I got the receipts. You can see a video of mkPIVM in action below, fully virtualizing a Meterpreter stager (vanilla btw), injecting into explorer.exe, and us capturing a callback. Of course this is just an example, and mkPIVM can be applied to much more, assuming the instructions in the shellcode are supported. If they aren't, make an Issue, send me the shellcode, I got you.
See it here. Hosted in ./media, can't embed sadly.
Here is the VirusTotal report for that exact virtualized sample (as of 05/21/2026).
...and the packed version, not even virtualized, notably higher entropy.
There was careful attention paid to the entropy telemetry of the output of this tool, which results in shellcode of entropy less than typical Windows WinAPI DLLs (outside of packing mode), such as ntdll.dll or kernel32.dll. The entropy comparison is about...
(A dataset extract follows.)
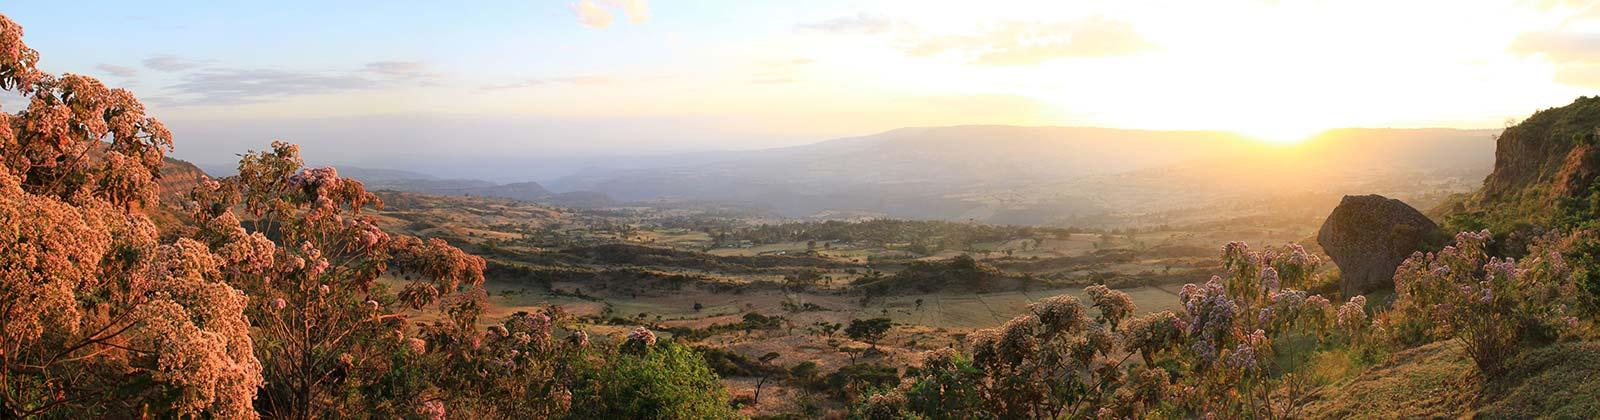 Sonnenuntergang im Washa Catchment in Äthiopien

| File | Bytes | Entropy |
|---|---|---|
p_m64.bin |
3,969 | 7.1181 |
msvcrt.dll |
699,888 | 6.5319 |
wininet.dll |
2,724,528 | 6.4934 |
shell32.dll |
7,839,992 | 6.3639 |
kernel32.dll |
836,232 | 6.3597 |
crypt32.dll |
1,538,632 | 6.3010 |
rpcrt4.dll |
1,162,672 | 6.2405 |
ntdll.dll |
2,522,104 | 6.1934 |
v.bin |
29,229 | 6.0442 |
Modes at a glance
| Mode | Flags | What changes |
|---|---|---|
| Default | none | Lift the whole input. Everything virtualized. |
| Packer | --pack |
Don't lift. Wrap input as encrypted data, decrypt at runtime, jump in. |
| Hybrid | --ranges A:B,... |
Lift only the chosen byte ranges. Rest stays native. |
| Stacked | --pack --ranges A:B |
Build the hybrid blob, then pack-wrap it. |
| Detour | --embed-into PE --at RVA |
Take a pre-built blob, embed into a PE, patch a jmp at the chosen RVA. |
| Scan | --scan |
Print eligible --ranges candidates from the input's CFG, then exit. |
Every mode honors --seed, --arch, --input-format, and --format. See the per-mode sections below for the build pipeline and the runtime flow.
Default virtualization
The lifter walks the whole CFG and lowers every instruction to a custom IR. The IR goes through two obfuscation passes, then through codecs that encode each insn into the per-seed bytecode shape. The block table, handler table, and data island are encrypted with the same per-byte stream cipher as the bytecode. At runtime the prologue decrypts those three regions in place and the dispatcher loop fetches bytecode bytes one at a time, decrypting and dispatching to a handler that does the work.
Build pipeline
Steps the build performs to turn raw shellcode into the emitted virtualized blob, end to end.
flowchart TB
A[shellcode.bin] --> CFG[CFGBuilder: identify blocks via Zydis disasm + recursive descent]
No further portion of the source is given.